The oath of the magi was quite clear on this point. “Place no worldly authority above that of the Elders, no personal desire above the orders of the archmagi.” That had rarely, very rarely indeed, given rise to minor interest conflicts over the last seven hundred years. When the King himself gave one order, and the Elders another, the Elders’ order was the one to be followed by the mage. And it was the one they followed, except in rare cases, which were treated with the same disciplinary action as any other insubordination. Occasionally a charge of treason against the offending mage. But, as mentioned, it hadn’t happened for a frightful long time.

But when it did, there would be trouble.

And it was happening now. Jeyrnan read over the parchment and realized immediately that it was not a mere order. It was a decree of the High Council of Elders, a decision that could only be passed by a four fifth majority of the council, during a specially declared meeting of the entire council of Elders and Archmagi. Its word was law, its validity and effect immediate, and its violation treason against the Order and the Academy.
And thus it was damn good Jeyrnan had got it exactly today, rather than a day later. It read,

"Honored mages, members of the Academy of Carenath and the Order of Magi. In the name of His High Radiance the Archdeacon of Carenath, Carhdon Caronis of the Fifth Tower, it is my duty to declare this order.
By Decree of the Council of Elders and Archmagi, seated together under the presiding of His Radiance Derlen Lightweaver, the Archmagus of the Seventh, it is declared the following.
Namely, that, to preserve Balance and Neutrality, the Order forbids any of its members from intervening in any way into the conflict that has arisen between the forces of His Majesty King Taral IV., King of Atharellia, and Her Highness the former Countess Lendra, leader of the rebellious group styling themselves the Lendranian Populists, on either side of the conflict.
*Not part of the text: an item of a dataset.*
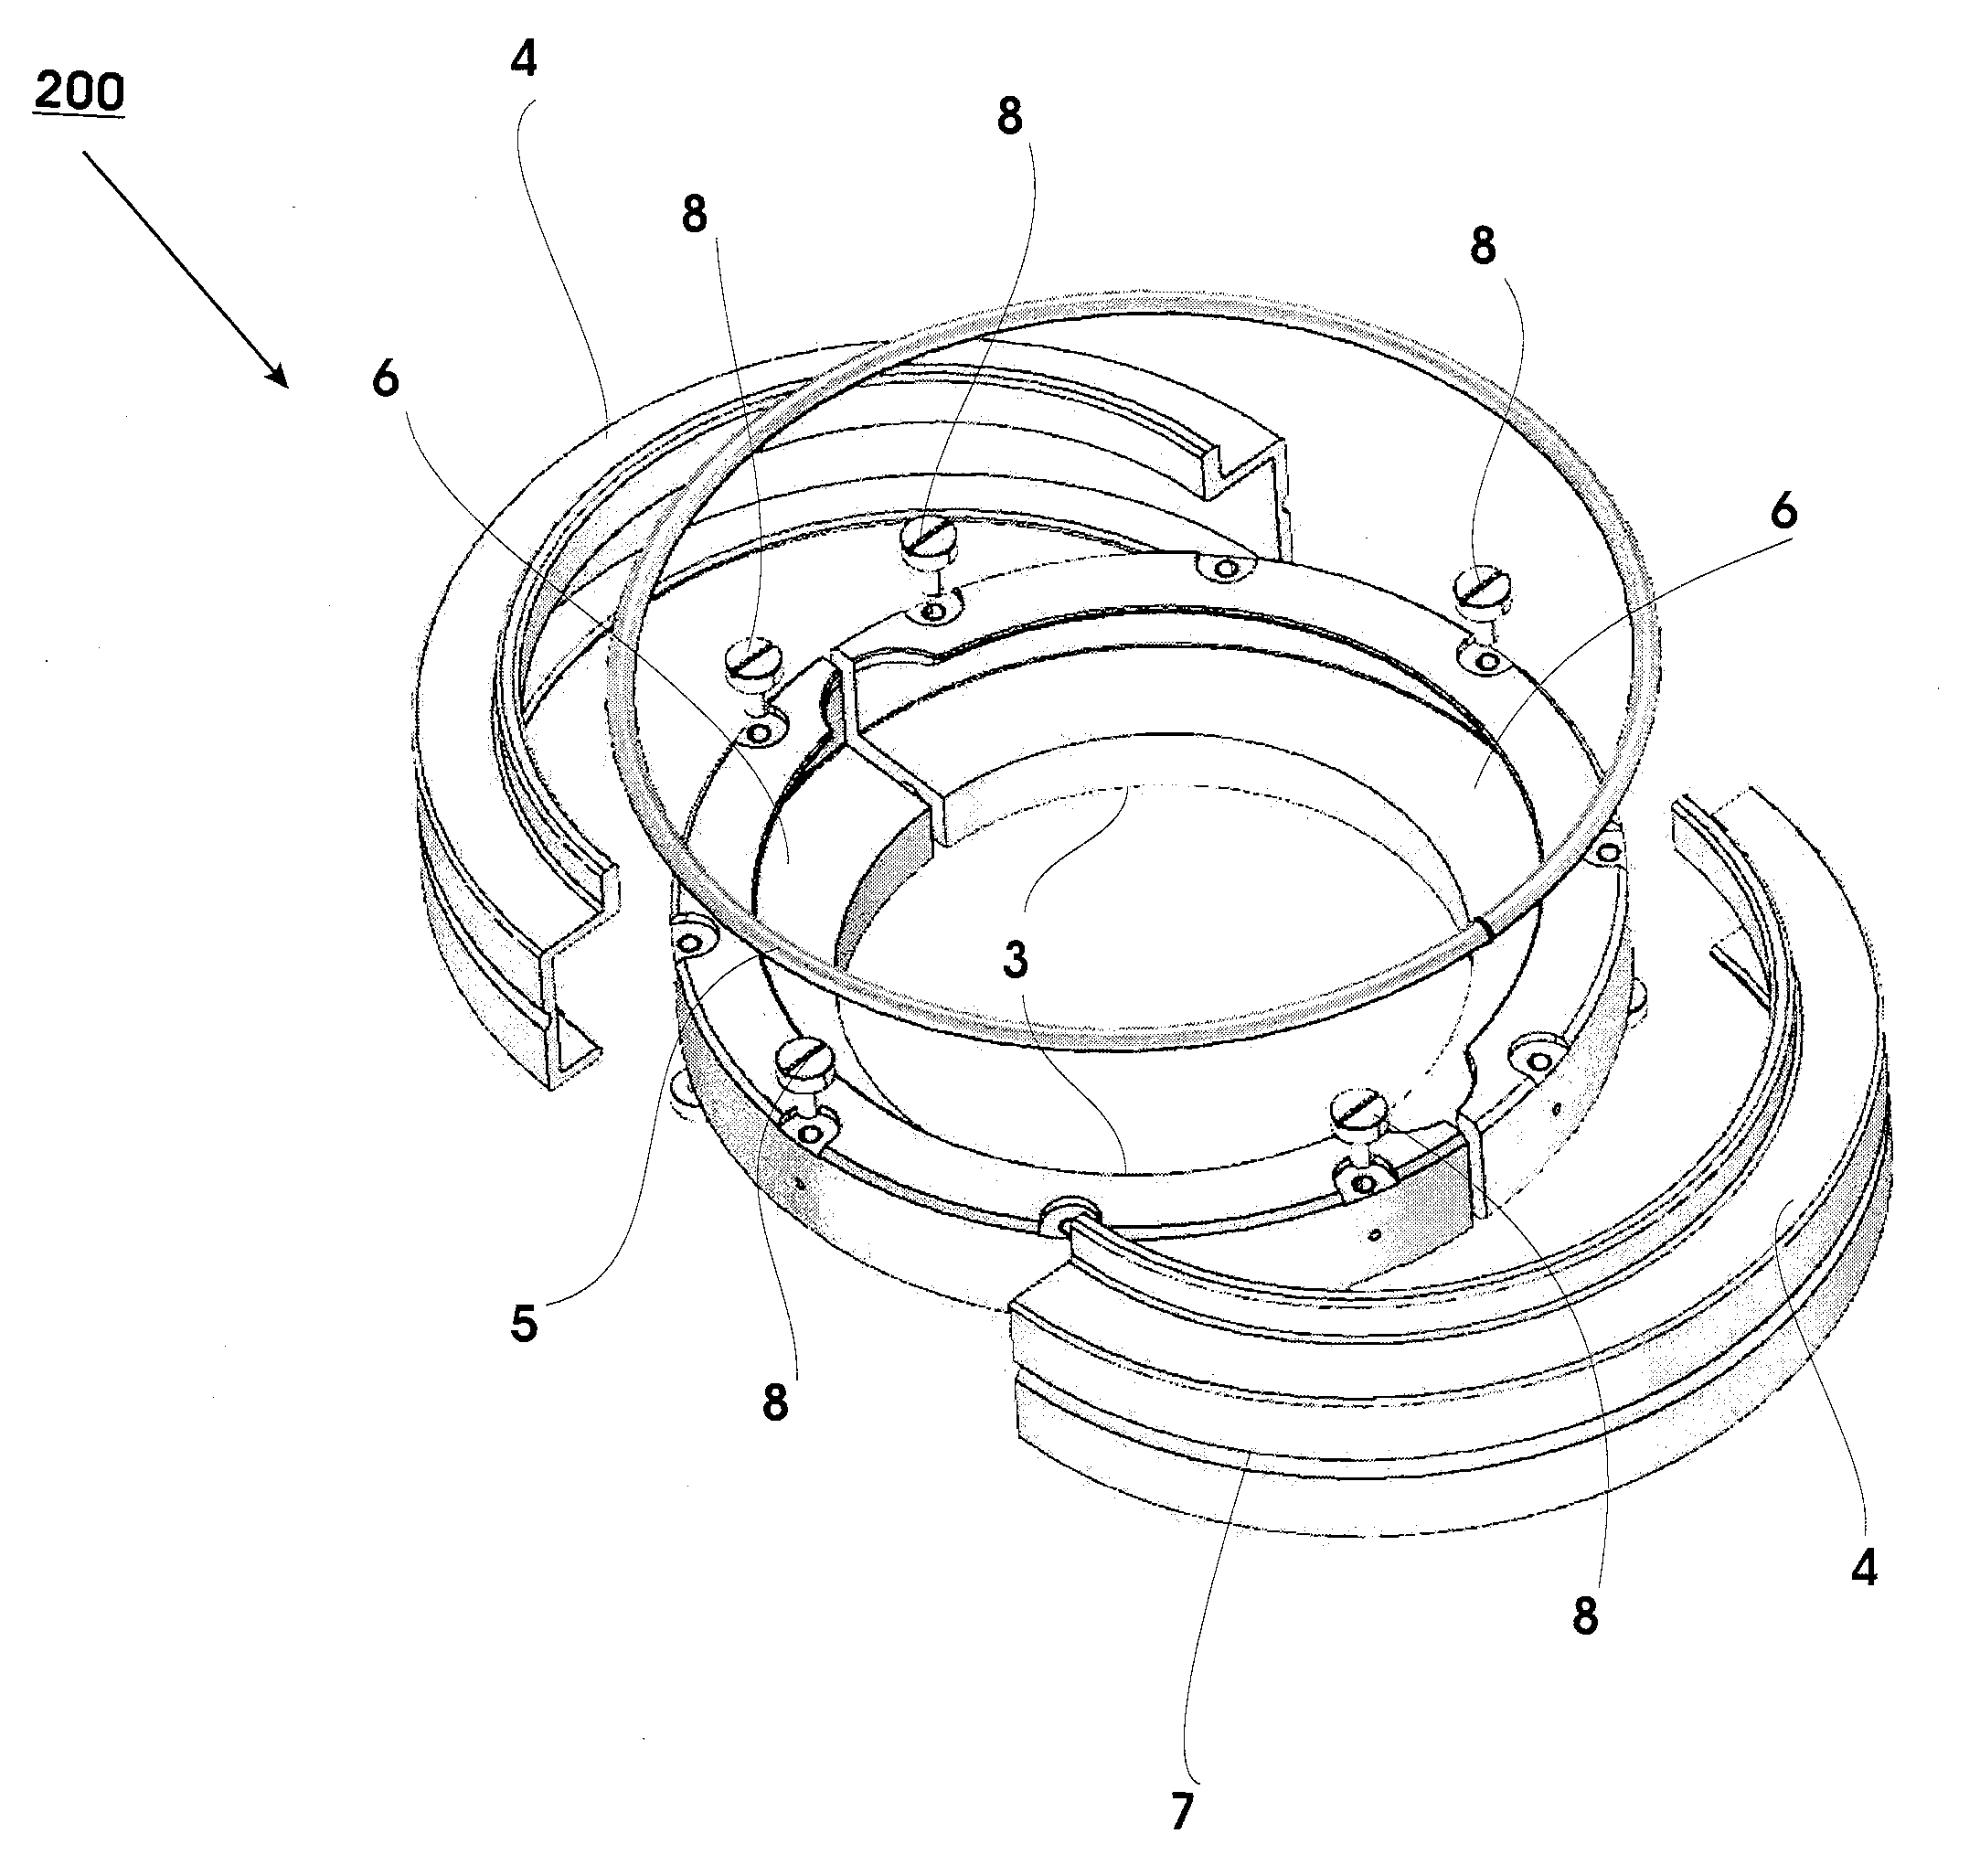 Device for supporting a rotatable target and sputtering apparatus

Furthermore, it expressly forbids all of its members from seeking or entering employment or service that would likely lead them to be ordered to such action, and commands all of its members currently in such employment or service to refuse any orders ordering it to such, in the name of the Oath.
Any knowing violation of this command shall hereby be declared Violation of the Oath of the Magi, High Treason against the Order and the Academy, and Grounds for Capital Punishment at the discretion of the Justice of the Magi.
The Decree shall be active and valid for all members, upon the reception of this letter or otherwise reception of knowledge of its existence, but at the latest a period of seven days hence.
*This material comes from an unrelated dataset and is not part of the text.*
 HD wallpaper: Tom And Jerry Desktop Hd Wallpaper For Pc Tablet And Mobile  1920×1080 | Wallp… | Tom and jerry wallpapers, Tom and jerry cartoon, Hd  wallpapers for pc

Thus has decided the Council of Elders, on the Fifty Eighth of Bermelon, in the Year Nine Hundred and Ninety Six of this the Third Age of our world, The Magic Citadel of Carenath, Northern Atharellia. The Balance be Kept Eternally, and Light shield us all.

Signed in the name of his High Radiance the Archdeacon, Tarla Inares, Director of Secular Affairs.

Tarla Inares


Jeyrnan took a short moment to think about this. It meant, of course, that he would not be taking up his beckoning position in the military, nor would he be joining the rebels any time soon – doubly a traitor, once against the King and once the Order, was more he could have handled. Back to riding the caravans now. Oh, but Holy Canae, did he hate merchants. Most merchants anyway. Those fat, pig-eyed bastards, believing themselves to be the lords of the world by rights of their wealth, arrogant pricks. Jeyrnan supposed that any mage who had lived in the social structure of the Order for some time became inclined toward communism a little. Or socialism at least.
And what the heck was he to do otherwise? Nothing at all. So he resolved to return to notify his sister in the same evening. It was always better to do so in good time, before she had drawn up all the paperwork. She might not appreciate having spent all that time for nothing.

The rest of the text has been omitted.